Professor's Approach:
f(x)=$xe^x$ f(1)=$e$ f'(x)=$e^x+xe^x$ f'(1)=$2e$ f''(x)=$2e^x+xe^x$ f''(1)=3e
Resulting Taylor Series: $e+2e(x-1)+3/2e(x-1)^2$
My Approach: Find the first degree Taylor Series for $e^x$ centered around a = 1
Let g(x)=$e^x$ $g^n(x)$ = $e^x$ Therefore all coefficients are e for a=1.
Result: $e+e(x-1)$
To find the second degree polynomial of $xe^x$ simply multiply the previous Taylor series by x.
Result: $ex^2$
The issue is that these two answers are not equivalent. However, graphically, both are attempting to approximate $e^x$ around x=1. Professor's Approach in Green, My Approach in Blue: graphical image
Although I probably will not get my points back for this midterm problem, I need some closure as to why my approach is incorrect(if it is). After all, I have seen my approach used for problems such as the Maclaurin series of $xcosx$.
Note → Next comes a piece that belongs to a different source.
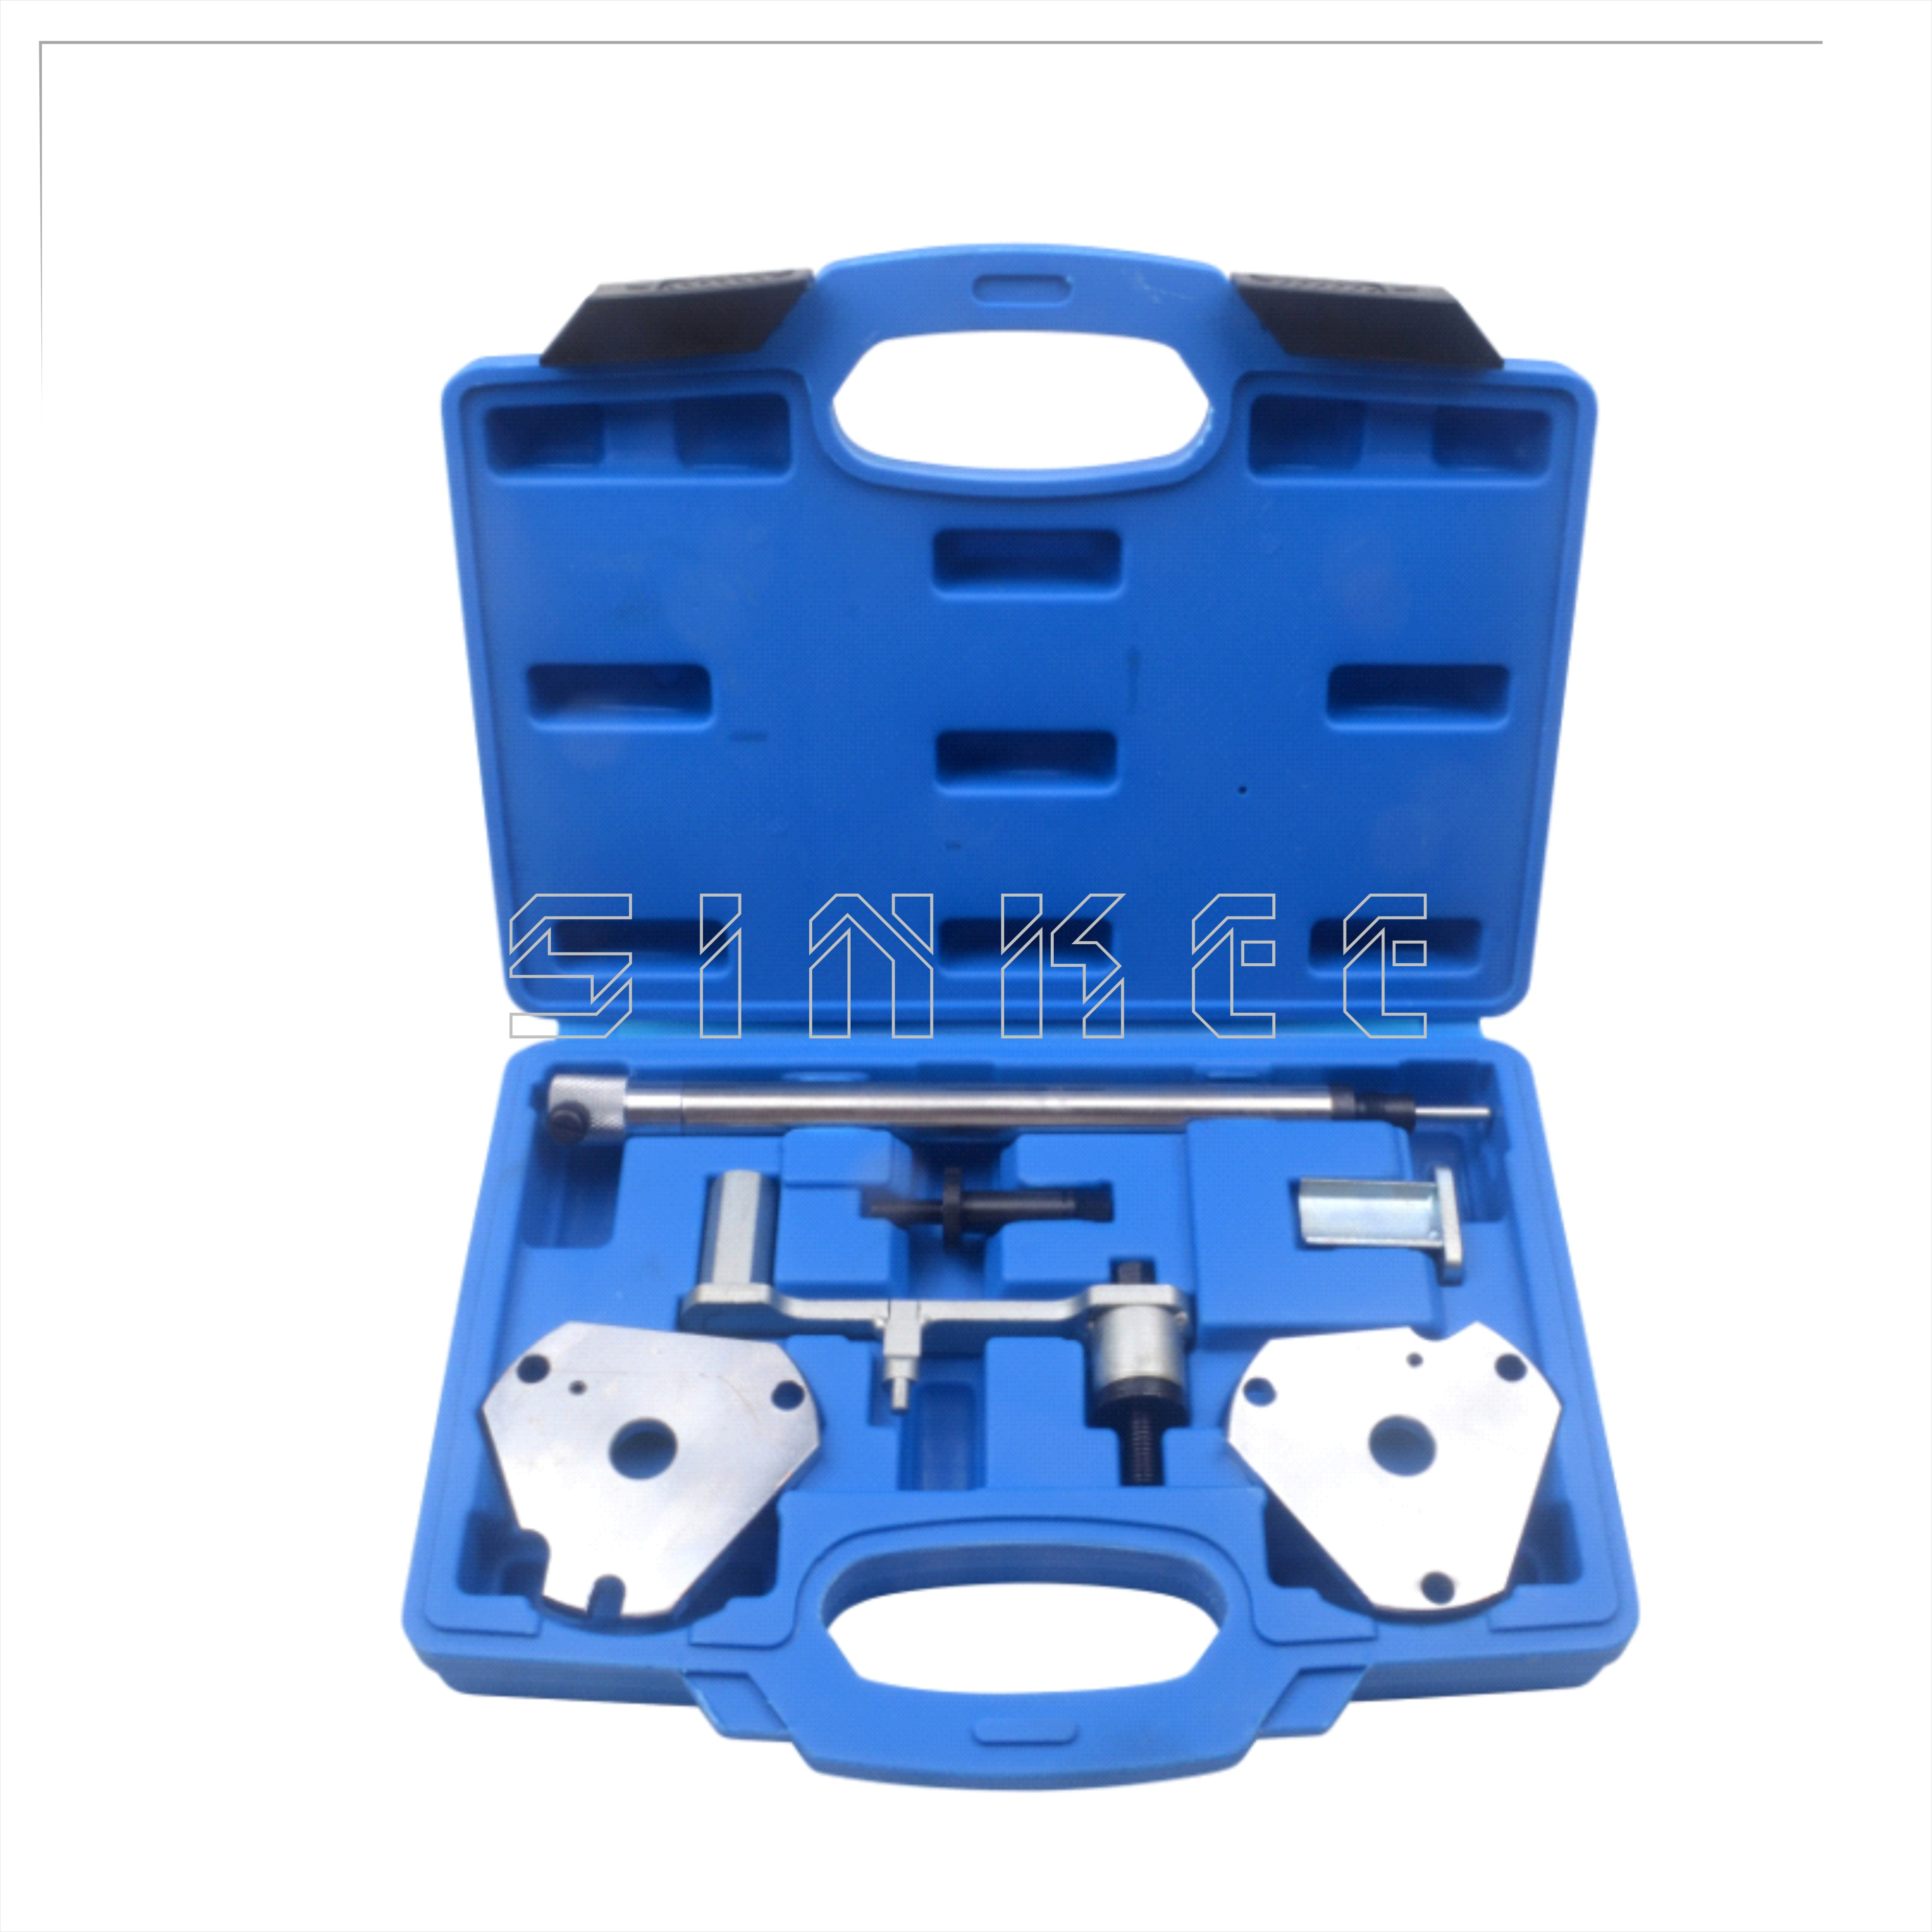 Petrol Engine Twin Cam Camshaft Timing Setting Lock Tool Set For Fiat 1.6 16v petrol engine timing setting locking tool kit set for alfa romeo twin cam twin spark 1 4 1 6 1 8 2 0 16v 145 146 155 156 sk1113

Your final answer is centered at $0$, not at $1$ so it doesn't really make sense. It is also wrong as you are missing part of the second order term as you will see below. You take the first order Taylor series of $e^x$: $$ e^x = e + e(x-1) + O(x-1)^2$$ Multiplying by $x = 1 + (x-1)$ (so to get an answer centered at $1$) gives $$ xe^x = e + 2e(x-1) + e(x-1)^2 + O(x-1)^2.$$ But this is NOT what you want as you are still missing part of your order two term. You need a second order Taylor series for $e^x$: $$ e^x = e + e(x-1) + \frac{1}{2}e(x-1)^2 + O(x-1)^3. $$ Now when we multiply by $1 + (x-1)$ we get $$ xe^x = e + 2e(x-1) + \frac{3}{2}e(x-1)^2 + O(x-1)^3$$ as desired.